KH. Lalu Gede M. Zainuddin Atsani, Lc., M.Pd.I. atau dikalangan warga Nahdlatul Wathan lebih dikenal dengan panggilan Tuan Guru Bajang (lahir di Pancor, Lombok Timur, Nusa Tenggara Barat, 6 Januari 1981; umur 31 tahun) adalah cucu sekaligus penerus perjuangan Tuan Guru Kiyai Haji Muhammad Zainuddin Abdul Madjid, yang saat ini menjabat sebagai Ketua Umum Pengurus Wilayah Nahdlatul Wathan Nusa Tenggara Barat periode 2012-2017.
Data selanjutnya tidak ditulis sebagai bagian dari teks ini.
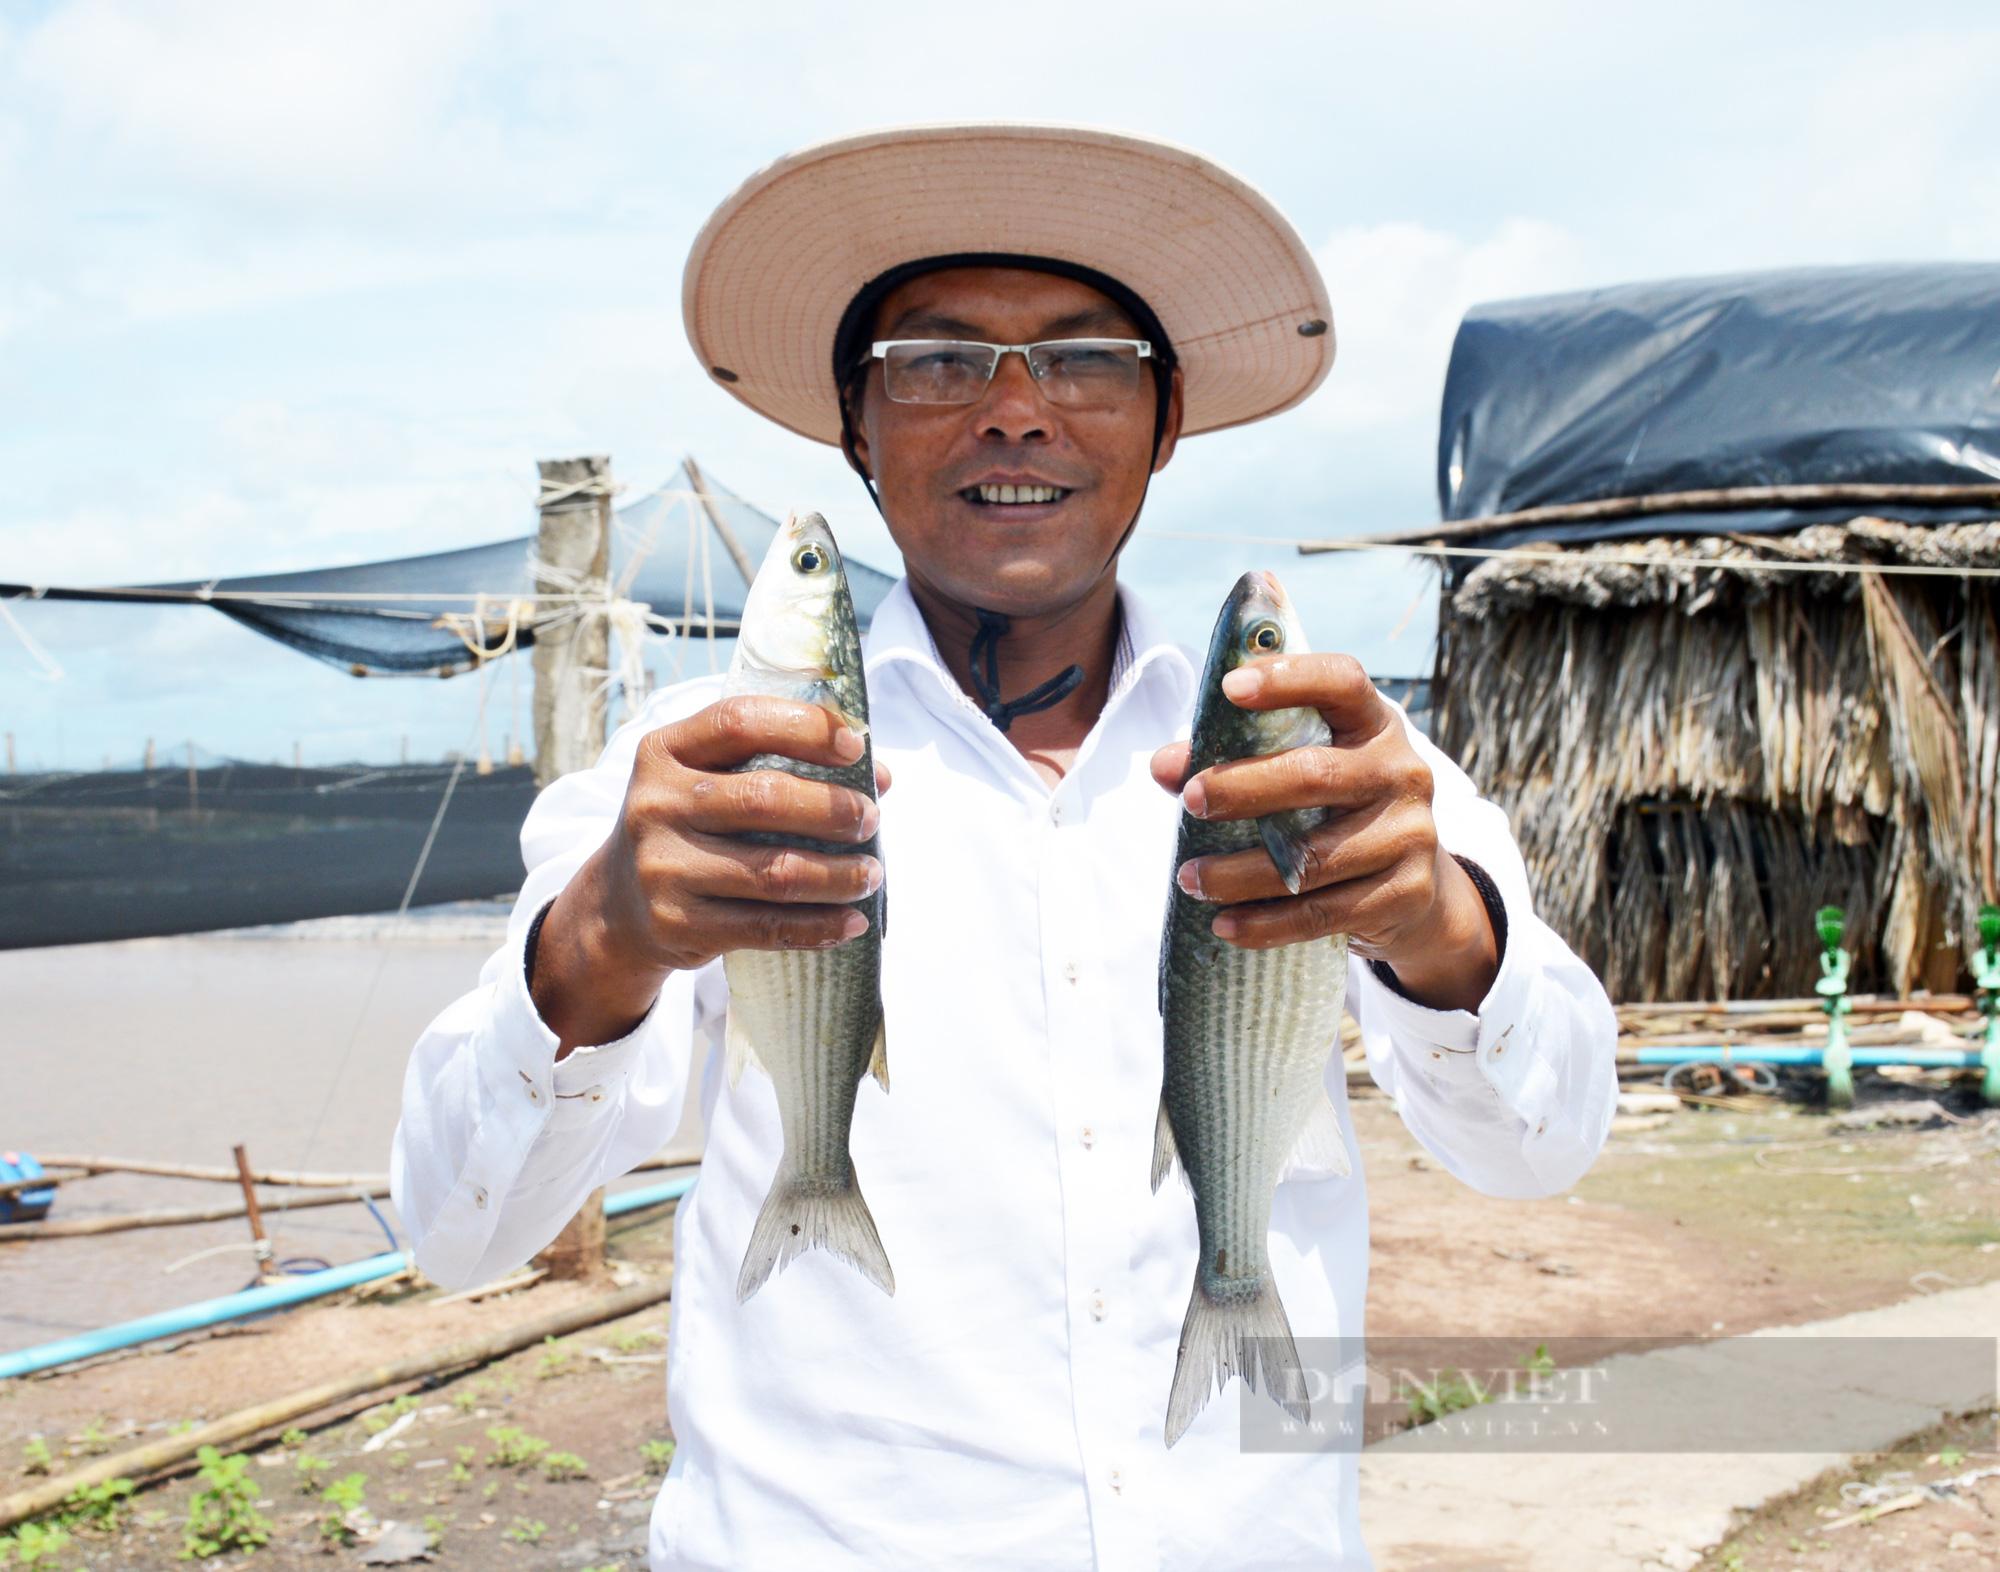 Nâng cao vai trò của Hội Nông dân Việt Nam trong việc hỗ trợ nông dân khởi nghiệp, sáng tạo - Ảnh 3.

Lalu Gede Muhammad Zainuddin Atsani lahir dari pasangan Drs. H. Lalu Gede Wiresentane – Hj. Sitti Raihanun Zainuddin Abdul Madjid
(putri bungsu Maulana Syaikh TGKH. Muhammad Zainuddin Abdul Madjid).
Oleh kakeknya, yang juga merupakan pendiri Nahdlatul Wathan (organisasi
Islam terbesar di NTB), Ia diberikan nama Zainuddin Atsani yang berarti
Zainuddin
Kedua, yang sejak dalam kandungan sudah dipersiapkan untuk menjadi
pengganti sekaligus pemimpin perjuangan Nahdlatul Wathan. Dan sejak
berumur 9 bulan, Ia sudah diberikan gelar Tuan Guru Bajang oleh
kakeknya.
Al-Maghfurlah Maulana Syaikh TGKH. M.
Zainuddin Abdul Madjid adalah seorang panutan, yang memegang teguh
ajaran Islam bermazhab Syafi’i. Keteguhan dalam memegang ajaran agama
diimplementasikan dalam kehidupannya, baik sebagai seorang pemimpin umat
maupun sebagai kepala rumah tangga. Bagaimanapun cintanya terhadap
seseorang, namun kalau salah menurut agama, unsur-unsur
subjektivitasnya-pun tidak akan mampu mengalahkan hukum agama yang
melekat dalam dirinya.
Seperti itulah suasana keagamaan yang
dikembangkan Maulana Syaikh entah sebagai pemimpin organisasi, warga
negara, pemimpin umat, maupun sebagai kepala keluarga. Dari rahim
istri-istrinya hanya dikaruniai 2 orang putri, Hj. Rauhun dari rahim
istrinya Hj. Johariah dan Hj. Sitti Raihanun Zainuddin Abdul Majid
(Ketua Umum PB NW sekarang) terlahir dari wanita keturunan ulama asal
Jenggik Lombok Timur, Hj. Rahmatullah. Dari kedua putri tersebut
terlahir 12 orang cucu laki dan perempuan. Dan sebagai seorang ulama
besar tentu merindukan seorang pengganti yang akan meneruskan
perjuangannya membesarkan organisasi. Dari semua cucunya, Zainuddin
Atsani, satu-satunya cucu yang diberikan gelar Tuan Guru Bajang oleh
Al-Maghfurlah Maulana Syaikh. Bahkan gelar tersebut diberikan sejak
Zainuddin bisa berjalan dalam usia 9 bulan. “Ia dipangil Tuan Guru Bajang oleh Tuan Guru ( Maulana Syaikh) sejak baru bisa berjalan, dan usianya baru 9 bulan”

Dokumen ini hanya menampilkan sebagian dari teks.